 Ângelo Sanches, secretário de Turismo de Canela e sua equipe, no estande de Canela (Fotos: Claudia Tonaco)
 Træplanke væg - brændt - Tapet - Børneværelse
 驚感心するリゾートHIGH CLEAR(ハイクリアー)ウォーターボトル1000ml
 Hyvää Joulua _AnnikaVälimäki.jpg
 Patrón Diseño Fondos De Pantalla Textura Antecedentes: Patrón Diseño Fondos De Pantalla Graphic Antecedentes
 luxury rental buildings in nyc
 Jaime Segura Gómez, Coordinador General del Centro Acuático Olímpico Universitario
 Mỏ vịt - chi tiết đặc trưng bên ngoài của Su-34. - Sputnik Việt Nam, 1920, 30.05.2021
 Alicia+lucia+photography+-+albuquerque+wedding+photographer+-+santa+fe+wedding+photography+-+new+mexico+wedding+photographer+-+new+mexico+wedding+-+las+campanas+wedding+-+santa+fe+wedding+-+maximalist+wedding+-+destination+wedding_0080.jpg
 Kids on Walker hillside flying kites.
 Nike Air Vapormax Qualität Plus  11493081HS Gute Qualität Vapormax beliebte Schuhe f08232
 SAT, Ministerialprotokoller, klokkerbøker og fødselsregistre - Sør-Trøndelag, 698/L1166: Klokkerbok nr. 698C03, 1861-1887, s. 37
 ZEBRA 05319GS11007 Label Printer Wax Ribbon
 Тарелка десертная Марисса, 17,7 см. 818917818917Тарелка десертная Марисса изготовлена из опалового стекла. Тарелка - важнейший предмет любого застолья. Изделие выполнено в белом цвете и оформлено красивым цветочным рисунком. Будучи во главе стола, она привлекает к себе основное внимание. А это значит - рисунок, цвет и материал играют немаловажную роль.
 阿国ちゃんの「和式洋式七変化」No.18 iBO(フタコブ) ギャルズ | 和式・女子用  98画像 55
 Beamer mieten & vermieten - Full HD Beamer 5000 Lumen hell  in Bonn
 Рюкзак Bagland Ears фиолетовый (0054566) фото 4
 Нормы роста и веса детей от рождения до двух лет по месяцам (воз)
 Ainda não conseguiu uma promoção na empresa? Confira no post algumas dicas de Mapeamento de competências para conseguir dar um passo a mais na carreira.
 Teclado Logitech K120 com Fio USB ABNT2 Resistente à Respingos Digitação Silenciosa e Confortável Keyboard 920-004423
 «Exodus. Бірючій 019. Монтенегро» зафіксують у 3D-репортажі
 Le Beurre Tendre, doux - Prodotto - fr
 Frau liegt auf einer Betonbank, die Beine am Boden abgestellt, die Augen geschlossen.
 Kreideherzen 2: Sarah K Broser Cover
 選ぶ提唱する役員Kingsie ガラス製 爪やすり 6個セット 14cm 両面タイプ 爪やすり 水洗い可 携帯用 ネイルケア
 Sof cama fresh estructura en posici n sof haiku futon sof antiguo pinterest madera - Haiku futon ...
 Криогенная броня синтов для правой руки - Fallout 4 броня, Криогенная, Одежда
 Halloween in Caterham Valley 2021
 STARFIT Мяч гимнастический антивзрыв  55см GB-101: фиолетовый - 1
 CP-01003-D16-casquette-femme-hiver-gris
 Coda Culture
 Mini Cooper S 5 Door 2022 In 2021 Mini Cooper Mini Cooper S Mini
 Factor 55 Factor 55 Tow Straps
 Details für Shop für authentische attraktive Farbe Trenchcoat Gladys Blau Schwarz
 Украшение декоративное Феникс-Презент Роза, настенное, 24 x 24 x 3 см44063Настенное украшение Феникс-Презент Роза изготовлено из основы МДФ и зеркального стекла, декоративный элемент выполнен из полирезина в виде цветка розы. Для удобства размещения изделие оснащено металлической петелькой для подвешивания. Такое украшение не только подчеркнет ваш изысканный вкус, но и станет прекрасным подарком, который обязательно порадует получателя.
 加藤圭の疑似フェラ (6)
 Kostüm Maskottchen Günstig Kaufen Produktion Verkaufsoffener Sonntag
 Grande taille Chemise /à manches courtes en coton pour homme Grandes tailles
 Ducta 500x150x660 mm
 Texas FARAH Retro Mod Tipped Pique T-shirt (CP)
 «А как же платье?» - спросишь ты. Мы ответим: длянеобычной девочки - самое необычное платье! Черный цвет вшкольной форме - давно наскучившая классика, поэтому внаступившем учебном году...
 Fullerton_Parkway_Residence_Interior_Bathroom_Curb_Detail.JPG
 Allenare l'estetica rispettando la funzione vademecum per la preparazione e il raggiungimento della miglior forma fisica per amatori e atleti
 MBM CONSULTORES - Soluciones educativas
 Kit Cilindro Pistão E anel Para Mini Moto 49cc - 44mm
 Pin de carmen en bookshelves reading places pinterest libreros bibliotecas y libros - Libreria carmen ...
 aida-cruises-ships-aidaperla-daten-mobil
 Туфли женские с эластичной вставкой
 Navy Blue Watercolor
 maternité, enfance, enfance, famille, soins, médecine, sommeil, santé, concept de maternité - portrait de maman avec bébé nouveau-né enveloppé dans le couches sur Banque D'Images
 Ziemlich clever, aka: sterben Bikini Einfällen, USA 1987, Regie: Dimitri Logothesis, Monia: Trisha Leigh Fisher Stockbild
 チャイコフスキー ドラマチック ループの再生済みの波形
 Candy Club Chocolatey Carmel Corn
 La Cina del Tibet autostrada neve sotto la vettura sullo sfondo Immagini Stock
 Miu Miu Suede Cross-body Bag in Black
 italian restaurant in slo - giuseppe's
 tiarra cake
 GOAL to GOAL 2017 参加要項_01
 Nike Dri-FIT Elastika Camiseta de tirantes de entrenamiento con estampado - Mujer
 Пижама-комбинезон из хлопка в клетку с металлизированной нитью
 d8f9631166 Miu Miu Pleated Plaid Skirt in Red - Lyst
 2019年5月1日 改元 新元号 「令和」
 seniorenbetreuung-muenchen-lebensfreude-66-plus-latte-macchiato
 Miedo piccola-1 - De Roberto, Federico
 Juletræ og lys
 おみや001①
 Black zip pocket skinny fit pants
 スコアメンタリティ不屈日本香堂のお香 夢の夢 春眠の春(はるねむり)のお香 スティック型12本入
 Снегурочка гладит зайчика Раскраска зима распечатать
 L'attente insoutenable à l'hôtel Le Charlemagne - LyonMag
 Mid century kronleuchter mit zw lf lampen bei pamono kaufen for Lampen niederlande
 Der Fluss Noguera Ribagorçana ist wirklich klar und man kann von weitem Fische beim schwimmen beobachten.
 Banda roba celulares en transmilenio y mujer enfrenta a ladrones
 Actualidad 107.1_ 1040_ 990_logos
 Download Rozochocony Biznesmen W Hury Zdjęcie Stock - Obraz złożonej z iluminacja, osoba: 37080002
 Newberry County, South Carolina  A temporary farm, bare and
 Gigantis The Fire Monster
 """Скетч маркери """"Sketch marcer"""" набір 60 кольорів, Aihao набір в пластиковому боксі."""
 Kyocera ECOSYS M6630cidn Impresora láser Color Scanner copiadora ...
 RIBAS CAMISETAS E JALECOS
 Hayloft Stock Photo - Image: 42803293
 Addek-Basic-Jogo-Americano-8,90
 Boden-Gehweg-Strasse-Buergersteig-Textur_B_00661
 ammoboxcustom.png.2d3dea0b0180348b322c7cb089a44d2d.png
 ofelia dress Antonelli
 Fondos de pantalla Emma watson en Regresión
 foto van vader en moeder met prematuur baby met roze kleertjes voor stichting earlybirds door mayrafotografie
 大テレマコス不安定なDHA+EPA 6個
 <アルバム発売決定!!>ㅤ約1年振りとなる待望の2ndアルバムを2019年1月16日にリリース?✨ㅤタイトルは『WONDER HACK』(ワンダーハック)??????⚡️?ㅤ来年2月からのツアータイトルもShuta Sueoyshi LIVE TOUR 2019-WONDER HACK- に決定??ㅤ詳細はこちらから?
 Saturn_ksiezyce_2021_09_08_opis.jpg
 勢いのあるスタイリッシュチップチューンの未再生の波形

========================================================================

■ The problem
Exactly those lines that run from the start of the listing to the line containing "Hyvää Joulua _AnnikaVälimäki.jpg" should be output, and no others.

■ Solution to this problem
 Ângelo Sanches, secretário de Turismo de Canela e sua equipe, no estande de Canela (Fotos: Claudia Tonaco)
 Træplanke væg - brændt - Tapet - Børneværelse
 驚感心するリゾートHIGH CLEAR(ハイクリアー)ウォーターボトル1000ml
 Hyvää Joulua _AnnikaVälimäki.jpg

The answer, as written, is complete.